Mix the reaction thoroughly and centrifuge briefly. Add 60 microliters of pre-library reaction mix into the pre-treated medium sample. After mixing it thoroughly by pipetting, centrifuge immediately for two to three seconds at 200 G.Place the PCR tube in the pre-heated sample prep station.
Run the pre-library program and hold at four degrees Celsius. Prepare a master mix for the library reaction by adding 1.6 microliters of library enzyme mix to 60 microliters of library buffer. Mix the reaction thoroughly and centrifuge as demonstrated previously.
Add 60 microliters of the library reaction mix and two microliters of the barcode primer to each pre-library product. Then mix the reaction thoroughly and centrifuge as demonstrated. After centrifugation, place the PCR tube in the thermal cycler.
Run the library preparation program and then hold at four degrees Celsius. Prepare the reagents and tools. Add the prepared 1X prepared mega beads to the library sample.
Quantify the purified libraries as described in the text manuscript and use 10 nanograms of each library sample for pooling. Refer to the sequencing user guide and perform data analysis after sequencing is completed. Enter the user's name and password on the login page for data analysis in ChromGo.
Once logged in, click Create Submission under the NICS tab. Then choose NGS for the Platform, Illumina for Corporation, and NICSInst for the Reagent. Enter the project information in the box under Project ID.Set the analysis preferences and upload the files.
Once all sequencing files are successfully uploaded, click Submit to start the analysis.
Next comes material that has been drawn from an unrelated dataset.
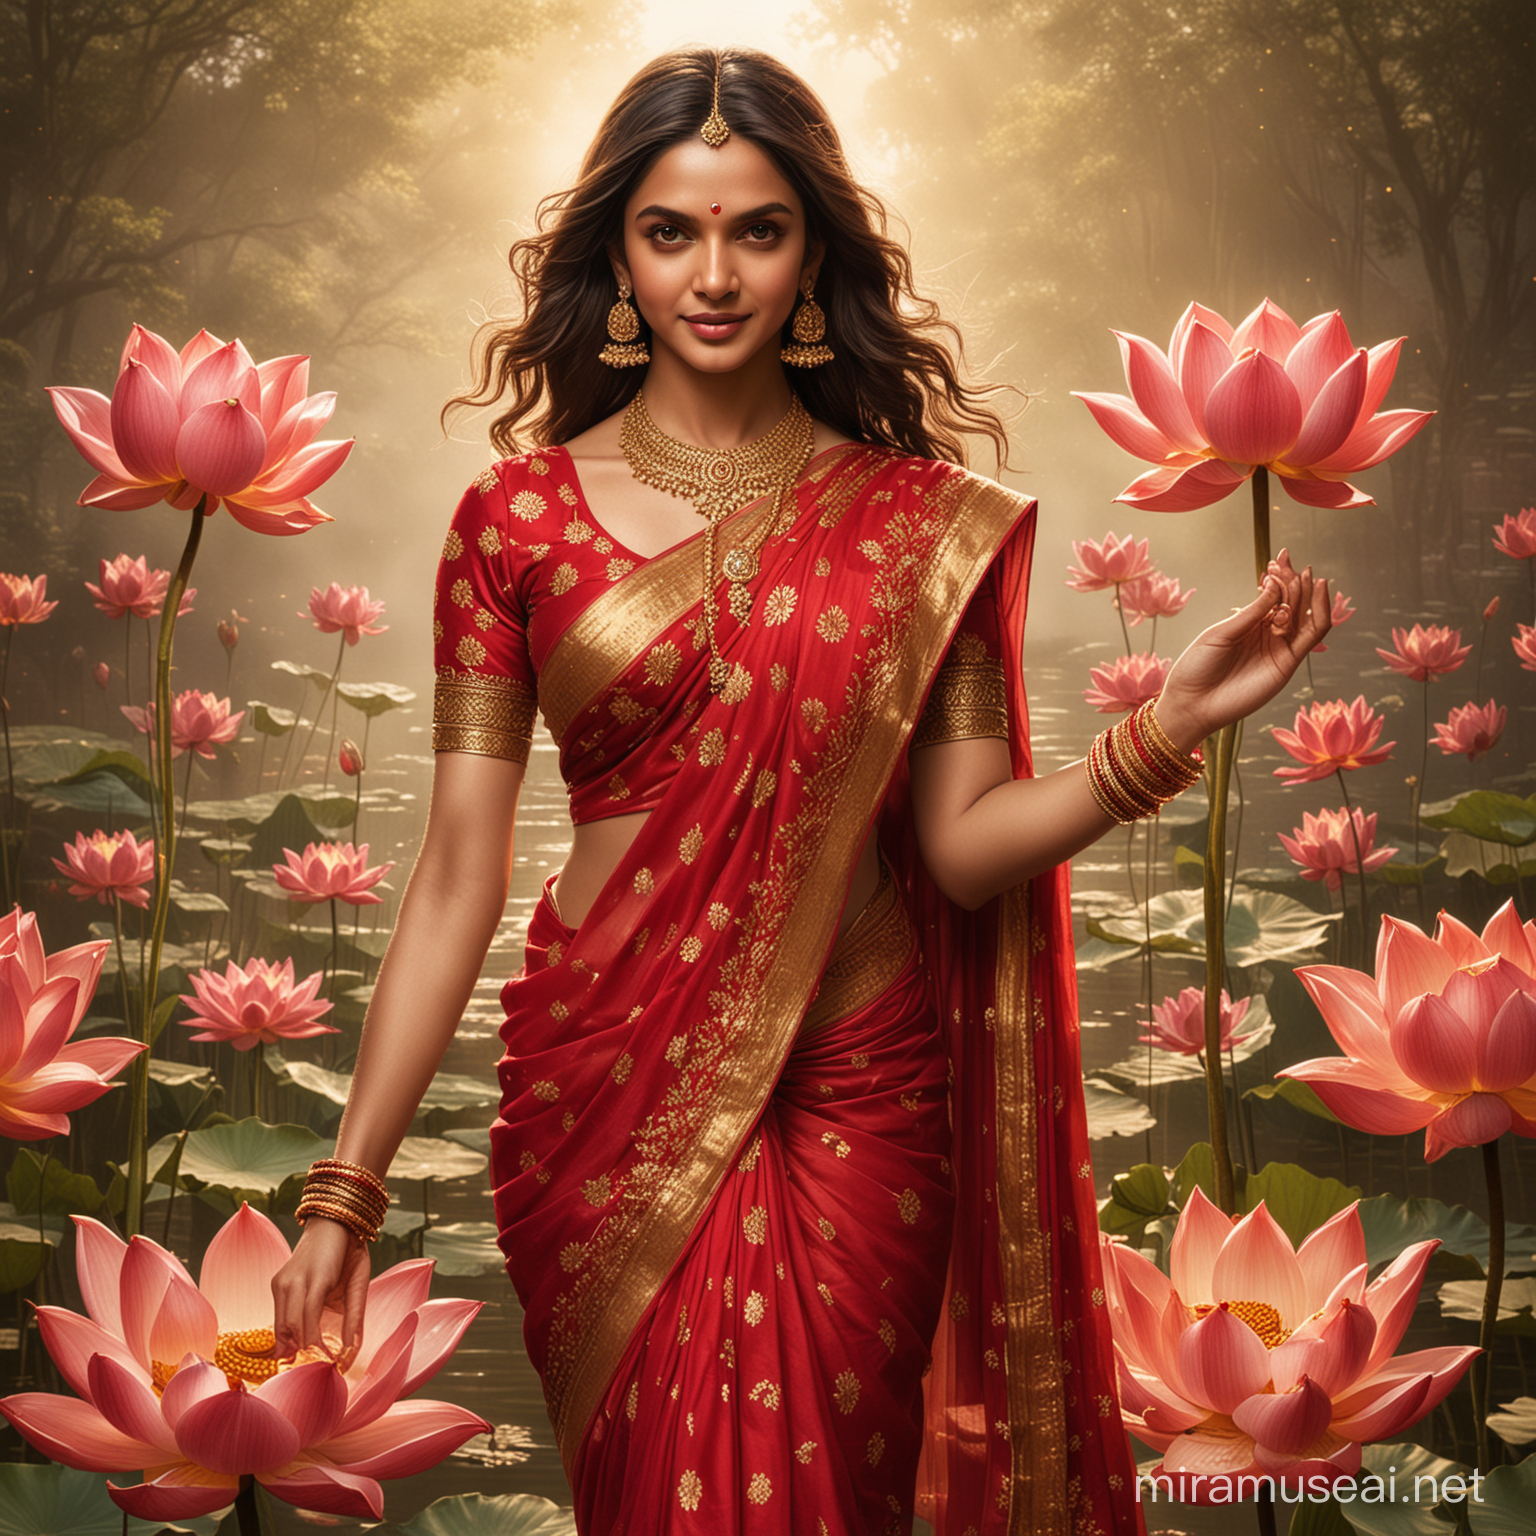 Deepika Padukone as Lakshmi Divine portrayal in a red sari with lotus symbolism

The submitted projects are listed under the View Submissions tab. Click the Show button in the Report field to view the summary table of the NICS analysis.
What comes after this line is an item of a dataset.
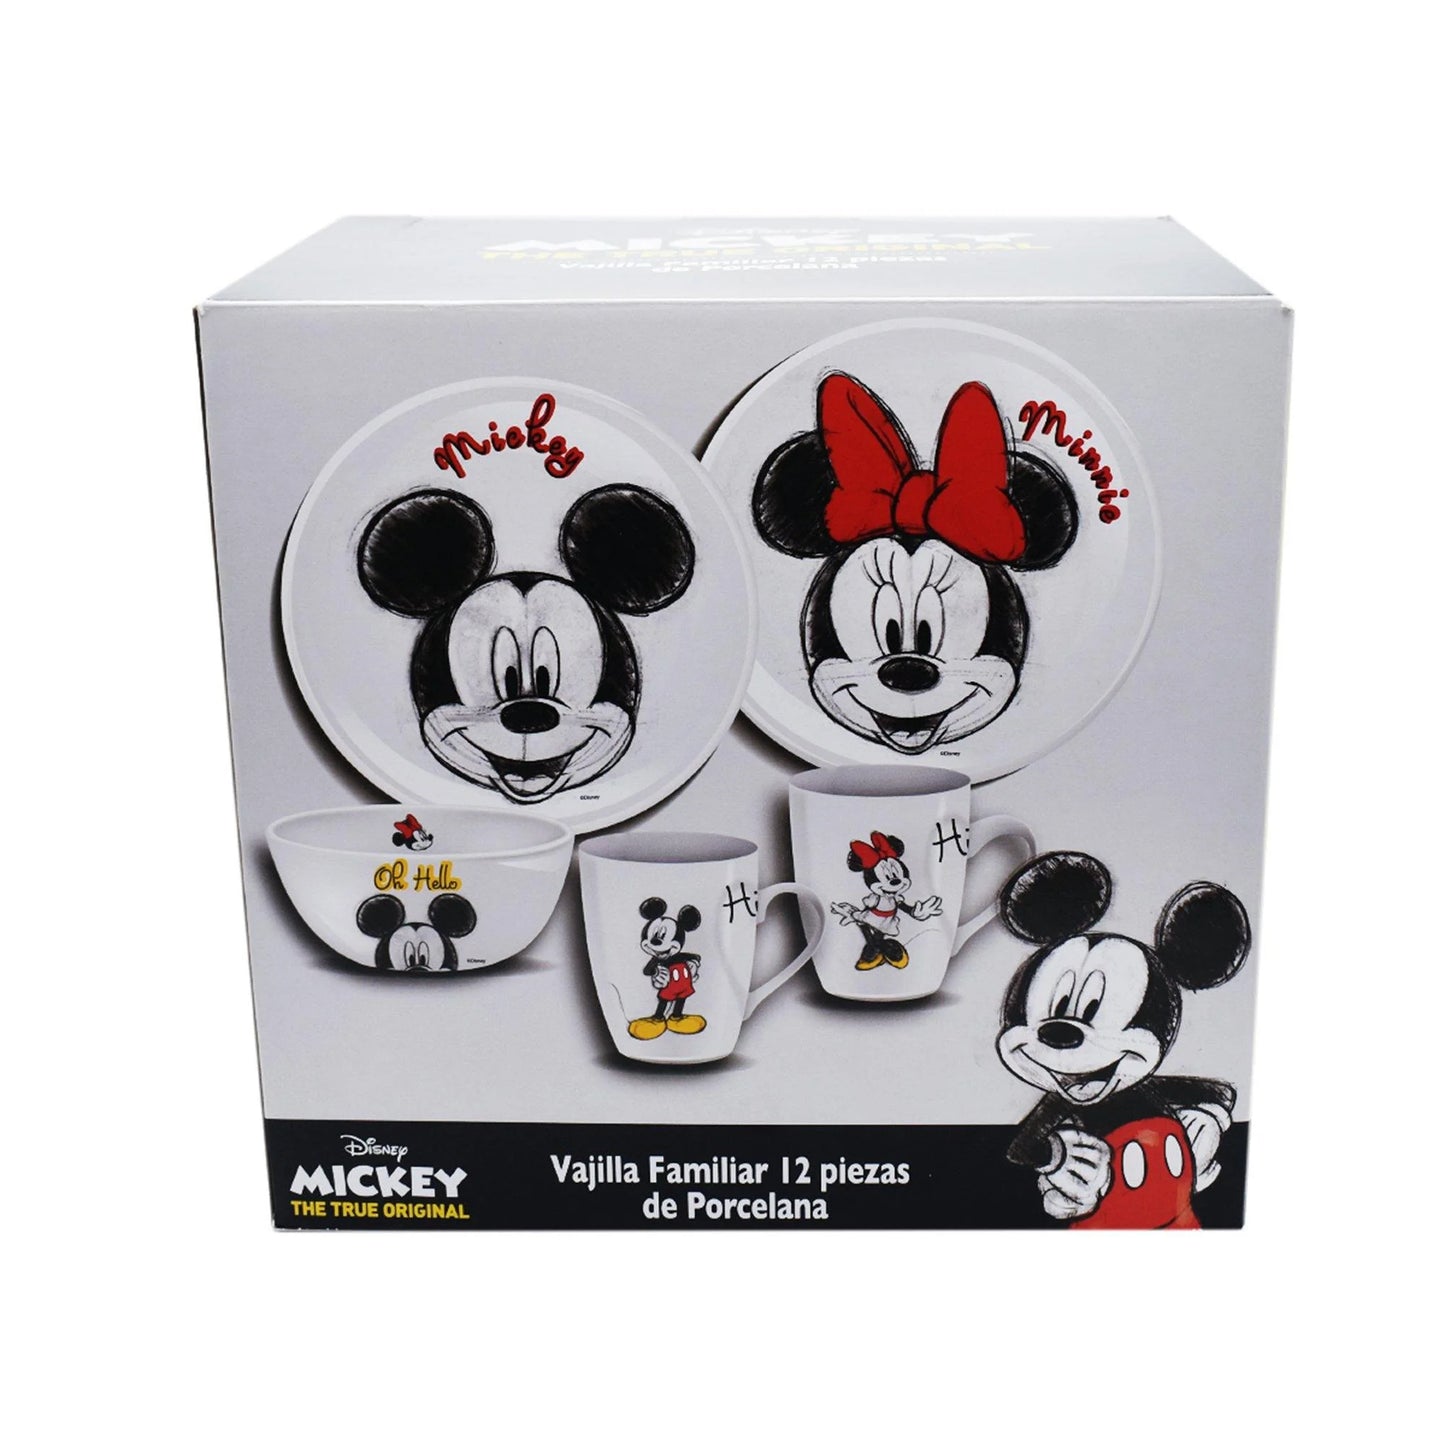 Vajilla Fun Kids Disney Mickey Mouse Porcelana 12pz

Click the Export Report button to save the reports. Six blastocysts were obtained from patients and NICS was performed on all six embryos from day four to day five medium. The chromosome abnormalities caused by parents'balanced translocation were detected in five of the chromosomes using the NICS assay and therefore, they were not used for transfer.
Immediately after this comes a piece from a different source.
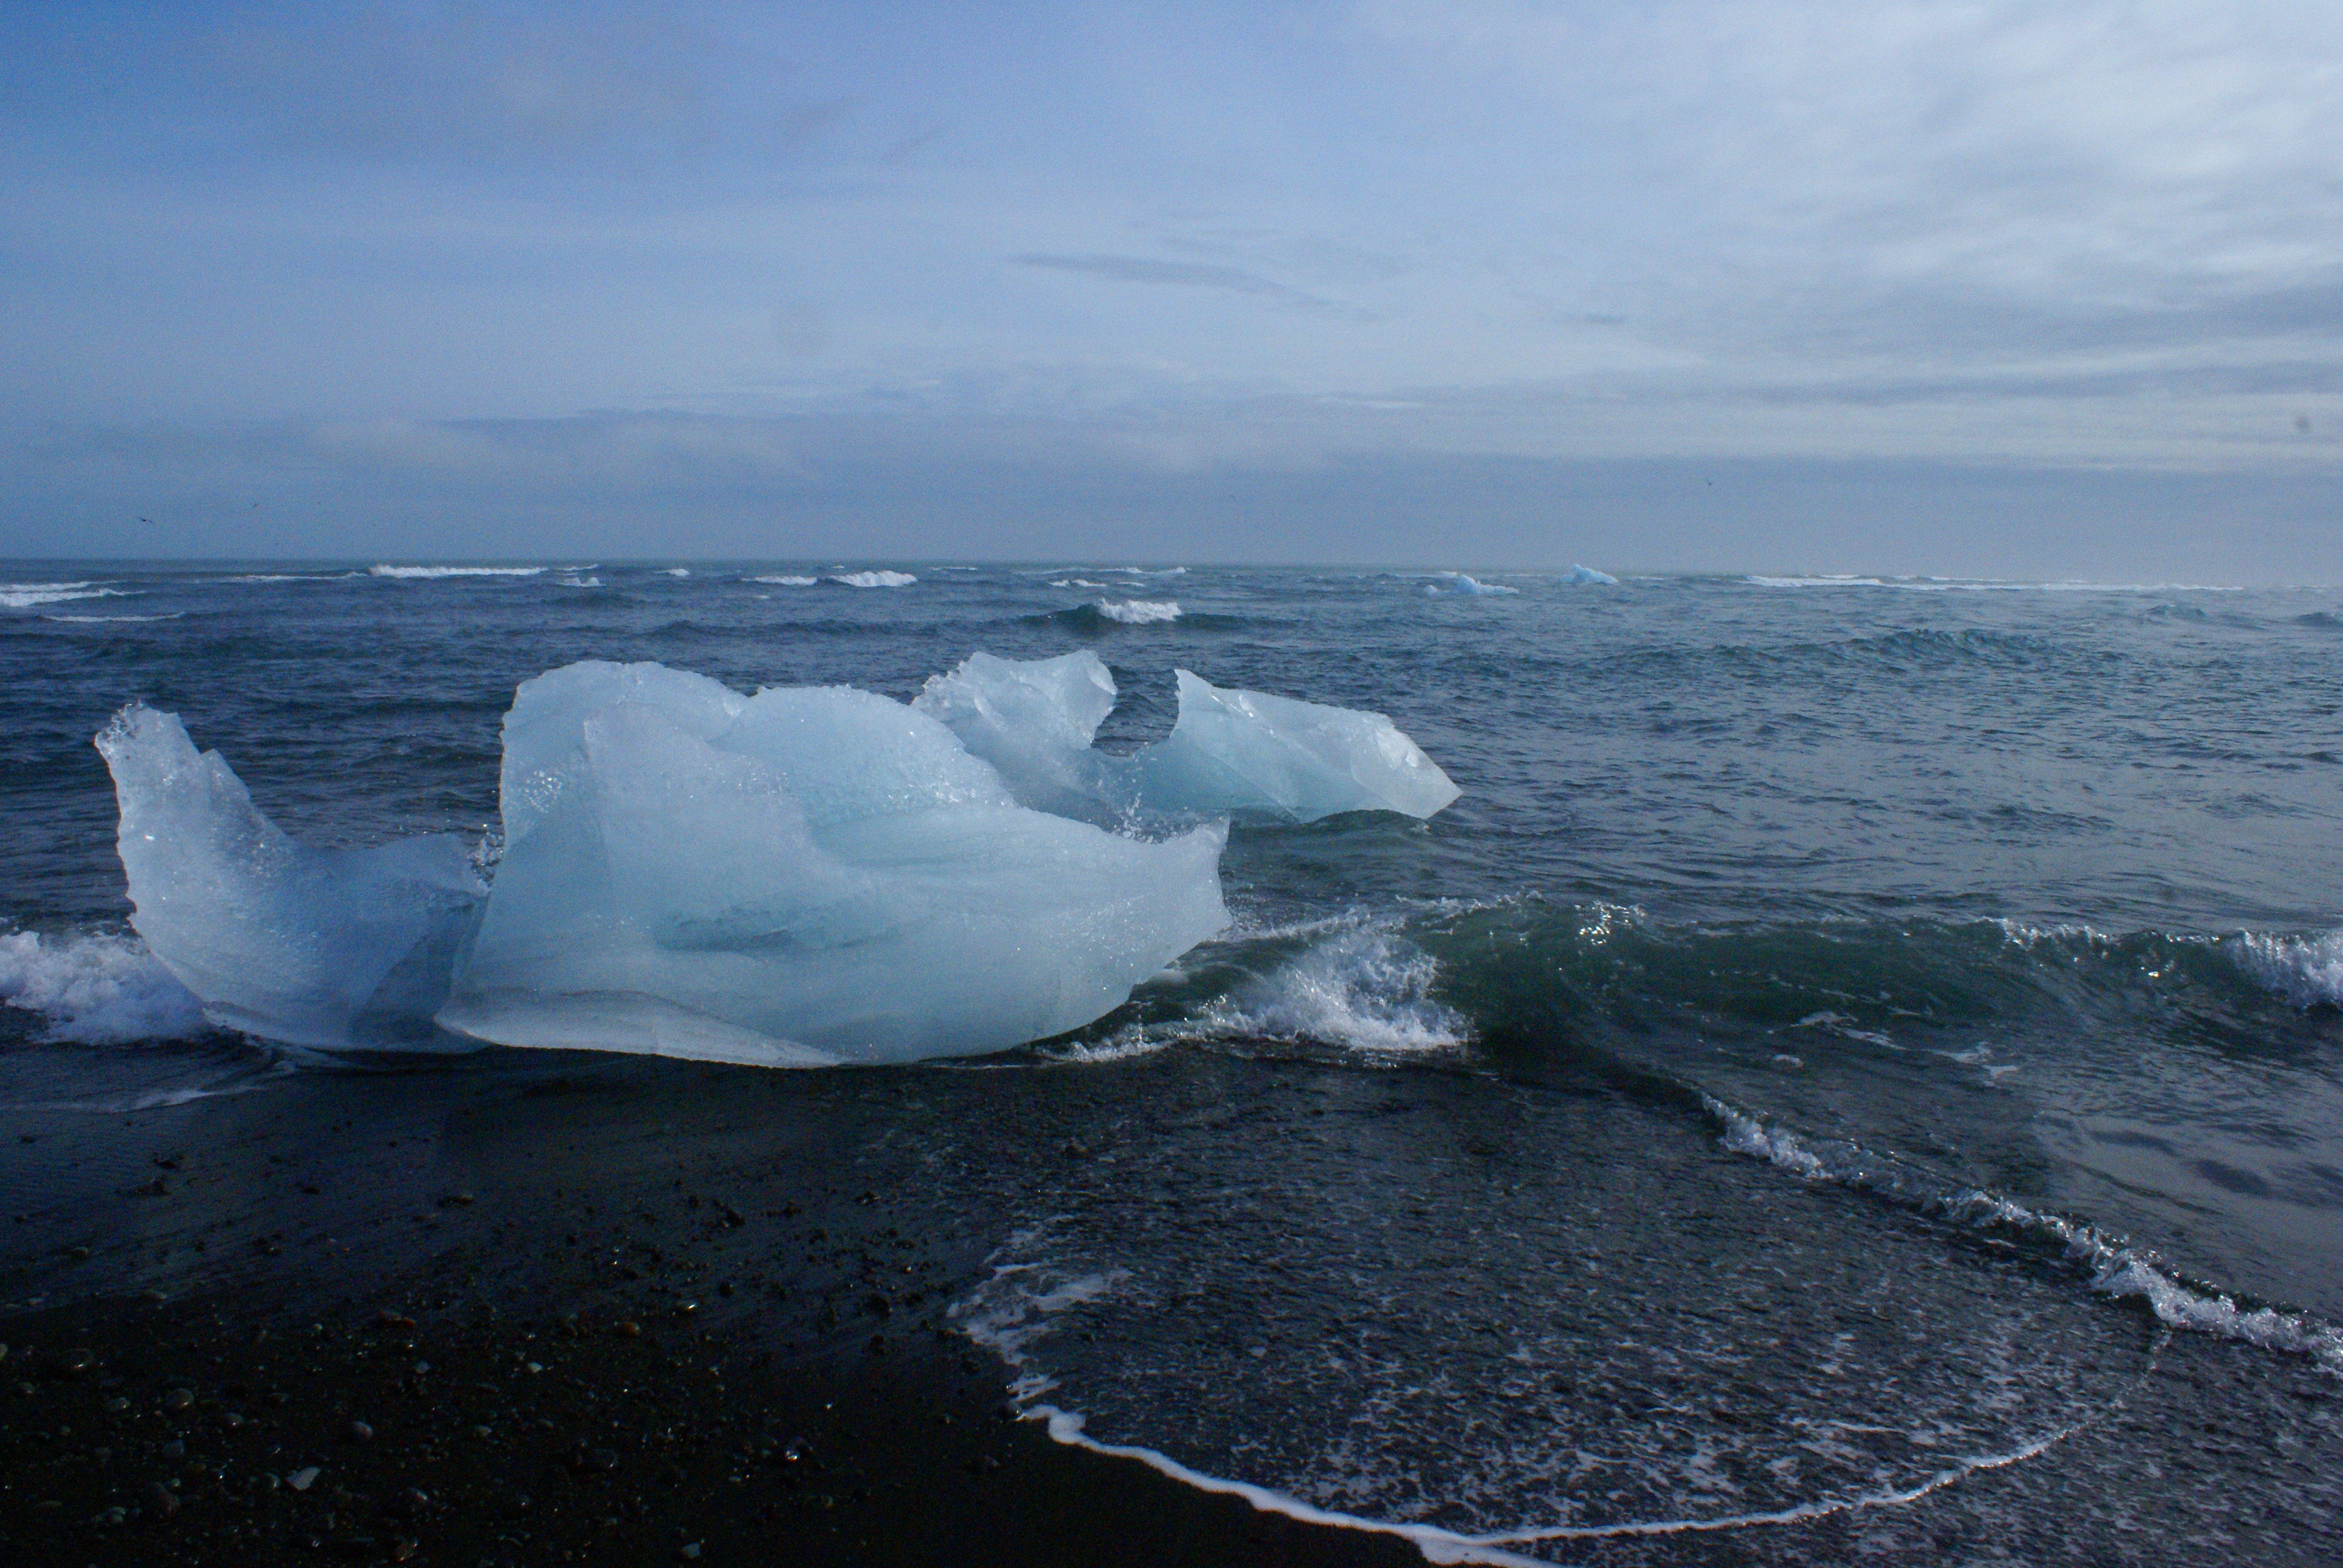 Rejs etapowy na Islandię. Rejsy stażowe na pływach.

The NICS results of the two embryos showed the same karyotype 45 XN and chromosome 18 deletion were both chromosome 18 deletions. The karyotype 46 XN short arm of the chromosome one region deletion was only the short arm of the chromosome region deletion. The NICS results showed karyotype 46 XN with the long arm of chromosome 18 region deletion and the short arm of chromosome one region duplication.
Although the karyotypes were chromosome five duplications and showed eight mosaic differences, the NICS assay could screen all 24 chromosomes for aneuploidy. This process provides a new method for transferring single normal karyotype blastocysts. While attempting this procedure, it's important to remember to completely remove the cumular cells to avoid the maternal origin contamination and collect the culture medium and the expounded blastocyst stage when the DNA content is enough for amplification.
By using NICS technology, the present study streamlined the WGA and the WGS library preparation steps in about three hours and opt in CCS result non-invasively in about nine hours. After its development, the technique provided clinician in ART a novel way to combine morphological assessment with NICS to transfer aploidy embryo with good morphology into the uterus might improve the ongoing pregnancy rates and live birth rates.